A muchos medios de comunicación españoles actuales les ha sorprendido la pobre respuesta del gobierno de España a los insultos y a la deformación histórica que se está produciendo en el estado norteamericano de California, que abarca la parte norte de lo que en el imperio Español se denominaba desde el siglo XVI “Las Californias”.
 
En este territorio antiguamente denominado por España “Alta California”, es actualmente de los Estados Unidos de América. Coincide en parte con el territorio del Estado de California. En esta zona de los Estados Unidos se está produciendo en los últimos tiempos la retirada de estatuas de Cristóbal Colón y también de Fray Junípero Serra, atribuyéndoles una supuesta actividad “genocida” que en realidad nunca se produjo. Fray Junípero Serra fue un religioso mallorquín de la Orden Franciscana, fundador de las misiones de California el padre espiritual de la colonización española en esas tierras.
 
Todo ello se produce sin que haya una respuesta adecuada por parte de las autoridades españolas, que desde el advenimiento de la Constitución de 1978 han renunciado de forma incomprensible al conocimiento de la historia de España y a su divulgación.
 
Y no es que no se defienda la historia de España en los territorios anteriormente españoles que hoy son administrado por otros países como Estados Unidos –más de 2/3 partes del territorio actual de Estados Unidos fueron parte del imperio español y por ejemplo la Ciudad de San Agustín en la Florida es mucho más antigua que cualquier asentamiento británico  de los actuales Estados Unidos- , sino que tampoco se hace ningún esfuerzo por enseñar y difundir lo compleja y avanzada de la administración española en los más de 300 años durante los cuales España fue la estructura política más poderosa del mundo.
 
Si no existe un relato positivo de la historia de España en las Comunidades Autónomas o regiones que conforman actualmente España, sería sorprendente que existiera una defensa a nivel internacional de la huella de España…
 
Y tampoco hay que sobrevalorar lo que en las condiciones actuales de conexión digital inmediata puede hacer un gobierno de un país, sea el que sea, contra la actual facilidad de difusión de mensajes de forma instantánea y breve en redes sociales, en Instagram, en Twitter o en Whatsapp, donde circulan “informaciones” cuya veracidad es casi nula: lo importante es que sea breve y claro, sin posibilidad alguna de reflexión o de antítesis para averiguar o profundizar en su contenido.

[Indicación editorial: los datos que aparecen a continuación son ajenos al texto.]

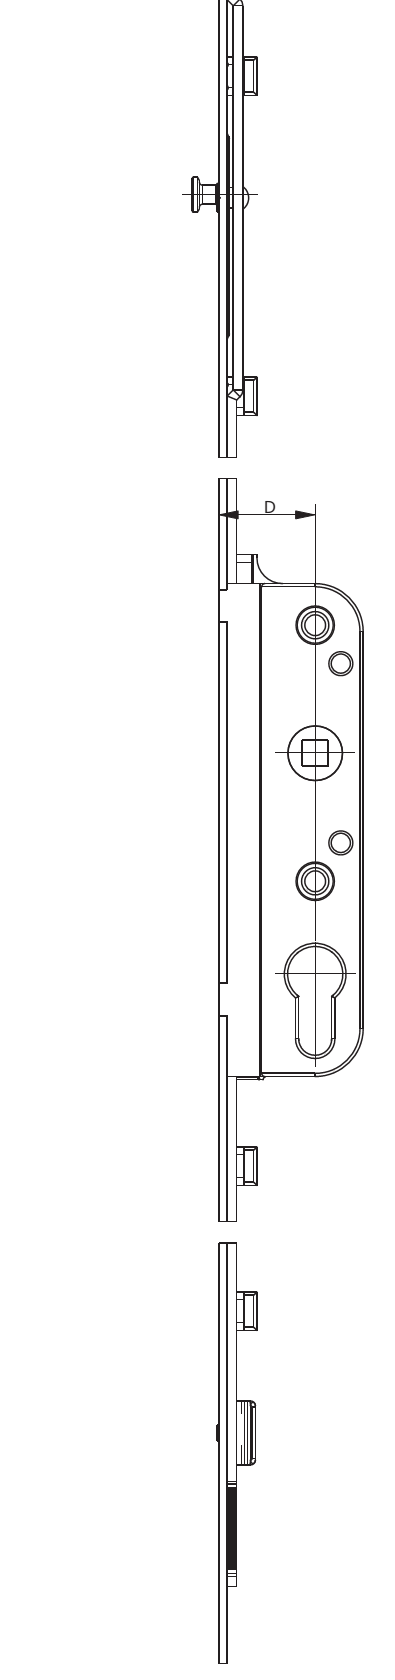 GU-ITALIA -  Cremonese GU-966 per complanare parallelo altezza maniglia fissa con foro cilindro - gr / dim. 1840 - entrata 40 - alt. man. 980 - lbb/hbb 2121 - 2370
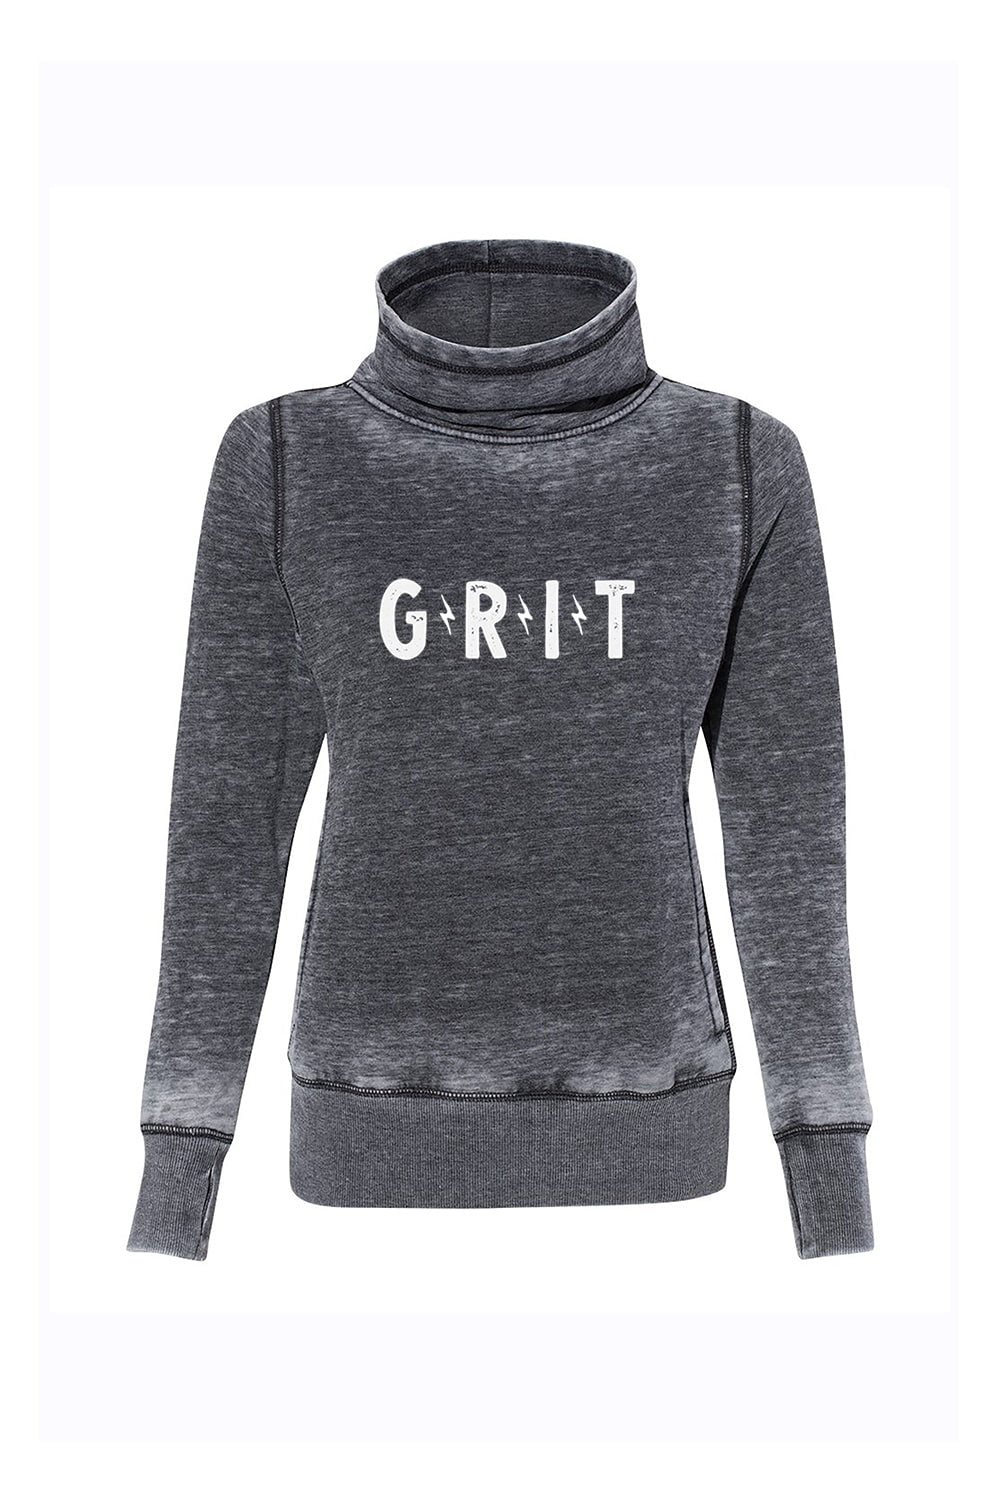 Sarah Marie Design Studio Sweatshirt GRIT Women's Sweatshirt

La propaganda se ha impuesto de forma irremisible al conocimiento, pero no por ello hay que desfallecer en la reivindicación de los hechos verídicos de la historia.
 
El “Zeitgeist” o “Espíritu de los tiempos” actuales está transformando en irrelevantes  muchos de los “hechos” acaecidos ocurridos en el pasado, y toda interpretación de la historia se está adentrando más en el ámbito de la “creencia” que del conocimiento. En el pasado siempre ha sido así en parte y de ahí proviene la fe que muchos españoles tienen en las leyendas negras creadas contra España por sus enemigos, pero en el siglo XXI el fenómeno se ha acelerado exponencialmente: la historia es más maleable que nunca y los hechos deformados y simplificados son más rápidamente difundidos que nunca anteriormente a capas de la población con muy poca formación.
 
En cualquier caso, y aunque sea una lucha con pocos visos de interesar a una mayoría de personas, el conocimiento y reivindicación de la huella de España, y de los motivos que llevaron a expandir a la Monarquía Española por todos los confines del mundo hasta convertirla en el imperio más extenso y más duradero de la época moderna no deben dejar de reivindicarse. No fue únicamente una exploración admirable por tierra y por mar, sino que existió un proyecto “culto” de desarrollo de esos territorios administrados por España.
 
California como ruta de paso naval de regreso de Filipinas
En realidad existían -y existen- dos “Californias”. La parte dónde se ubica la Península de California, se llamó históricamente “Baja California” colonizada poblada por España desde el siglo XVI aún mantiene su nombre. Pertenece en la actualidad a México.
 
El norte de California, ubicado donde termina la península de la “Baja California”, se denominaba “Alta California”, y se corresponde en la actualidad en parte con el territorio del Estado de California, forma parte en la actualidad de los Estados Unidos de América. Fue colonizado por España de un modo más tardío que la parte sur.
 
Aunque el norte de California era importante desde el inicio de la epopeya española desde el siglo XVI , sin embargo la parte que hoy pertenece a los EE.UU no fue poblada por los españoles hasta muy tarde. Ubicada en el norte de las Indias Occidentales –o norte América-, la Alta California no sería colonizada por España hasta finales del siglo XVIII, doscientos cincuenta años después del desembarco de Hernán Cortés.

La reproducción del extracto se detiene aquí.